Rodriguez banks on his being a former law dean in insisting on the scenario’s doubtful legality. Erap, he says, is only following the route of Gloria Arroyo to a nine-year term, first from 2001 to 2004, then from 2004 to 2010. But he does not explain the constitutional processes that made it possible, and why Erap’s plan shamelessly exploits a loophole.

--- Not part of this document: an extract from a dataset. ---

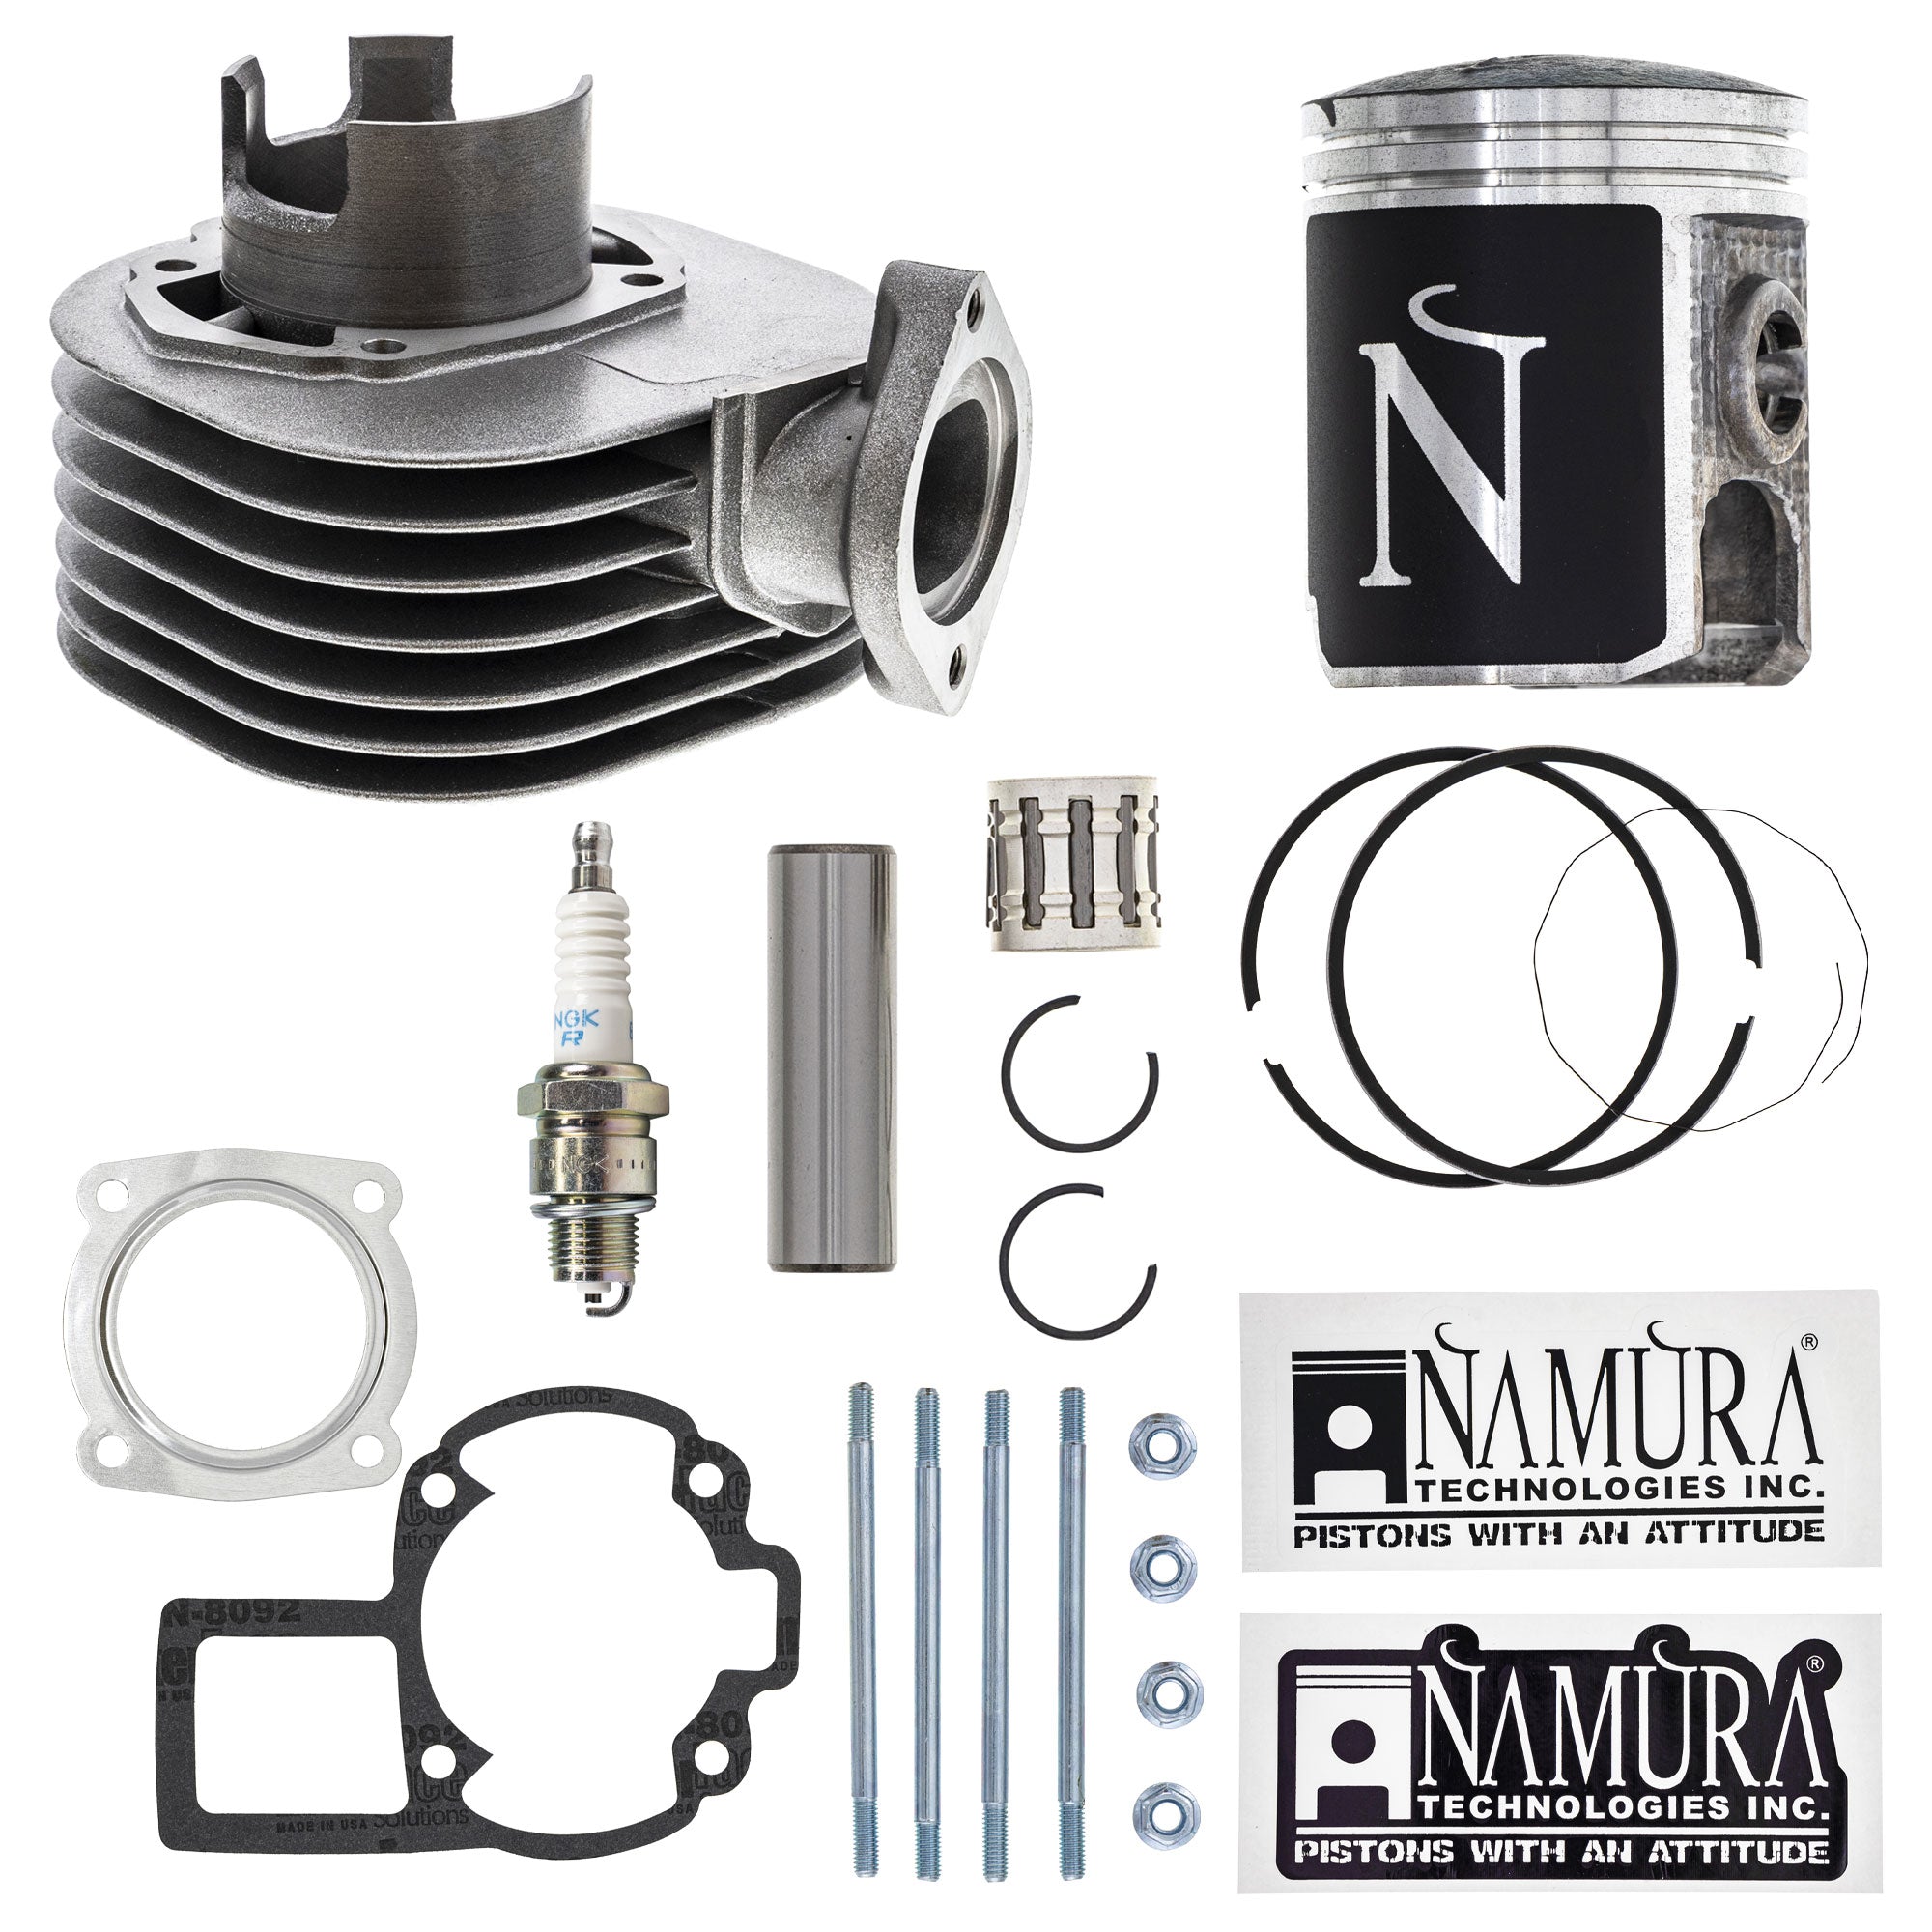 Cylinder Namura Piston Gasket Spark Plug Stud Kit for Quadsport KFX80 NICHE MK1012547
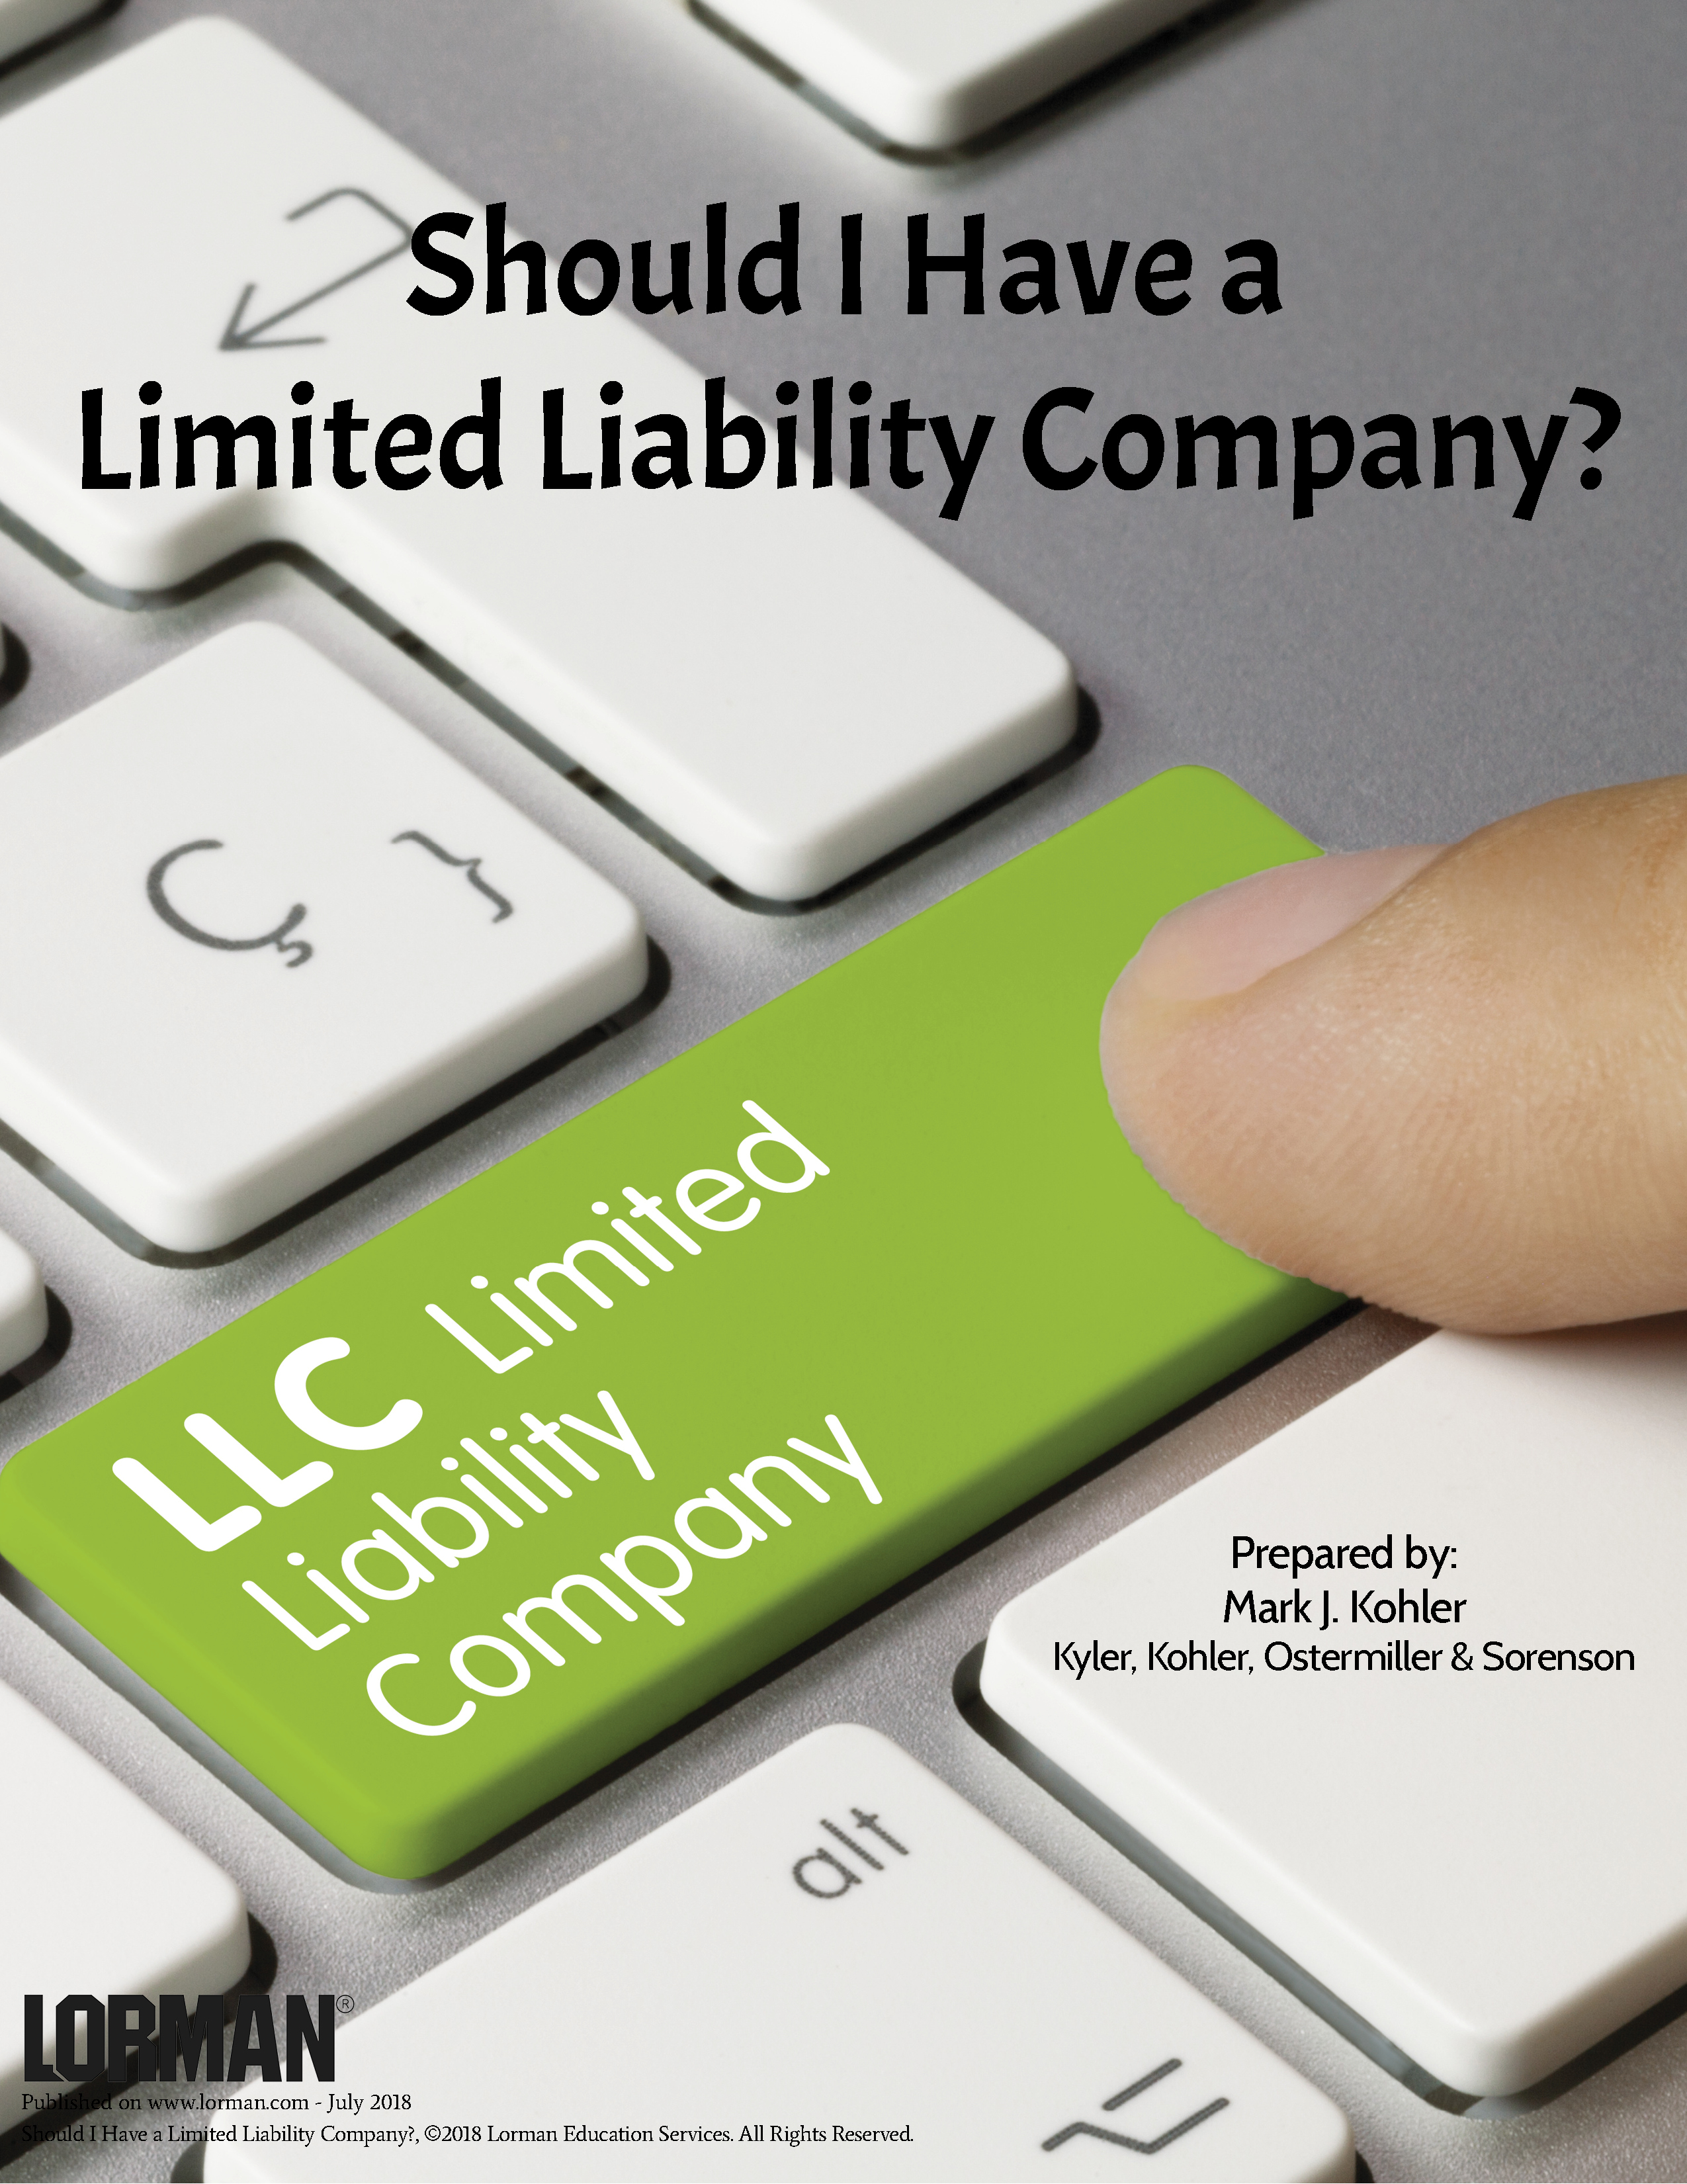 Should I Have a Limited Liability Company?

Then-Vice President Arroyo had succeeded Erap in 2001 under a clear Charter provision. Art. VII, Sec. 8 states: “In case of death, permanent disability, removal from office or resignation of the President, the Vice President shall become the President to serve the unexpired term.” As the Supreme Court ruled, Erap had abdicated on Jan. 21, 2001 and so paved the way for the constitutional succession. Arroyo ascended to finish the rest of Erap’s term. But then another Charter provision came into play. Sec. 4 adds: “No person who has succeeded as President and has served as such for more than four years shall be qualified for election to the same office at any time.” Arroyo inherited only three-and-a-half years of Erap’s term. That enabled her to run in 2004 for a full term, although the victory is clouded by doubt raised by the Hello Garci tapes and other frauds.

Rodriguez claims that a President who does not finish his term, like Erap, can run again. “The keyword here is ‘reelection’, which is to bar an incumbent official,” he points to Sec. 4. “The idea is to keep a sitting official from using the resources of his office to seek another term.”

Well, if that is so — to stop a sitting President from using vast powers and resources to win — then why is Erap pushing his shady scenario? Why go against what he knows to be the intent of the Constitution after all? Has he not learned enough from recent history? Is he content that there is yet no closure to that P780-million fertilizer scam during the 2004 election because Arroyo had thwarted congressional inquiries?

Perhaps it’s asking too much of Erap to take stock of what ruins the country. Not only did his patronage politics mar the government, he also benefited from the same brand of politics of his successor. As the anti-graft court concluded in convicting him for plunder in September, Erap raided the coffers of the SSS and GSIS employee pension funds and took payolas from vice lords. He was never punished. Luxuriating in a hospital suite or his private rest house while on trial, he never spent a day in jail for the no-bail heinous crime. When convicted, he never went to prison, because pardoned within three weeks by Arroyo who was aiming to placate his supporters. Pampering does not make a person rethink his evil ways, but eggs him onto viler pursuits.

To this day Erap has yet to fulfill the court order to return P3.2 billion proven to have been stashed for a time in an alias bank account. Yet he is already planning a rerun, as if so sure that the court will never be able to enforce its verdict. He would need billions of pesos for a presidential run. Is that why he continues to keep the loot?

The release granted Erap by Arroyo bars him from running again, MalacaƱang says. And yet he insists it is an absolute pardon, therefore all his civil rights were restored, which is why he was able to vote in the last barangay election. He is correct in saying that if he can vote, then he can also be voted upon, but what if someone proves he broke the pardon condition by voting in Oct. in the first place? The release could be revoked; he might be committed to prison, barring him from teaching voters to look for loopholes in the law.

Then again, will the admin do that, when it is itself busy looking for loopholes to push various shady deals?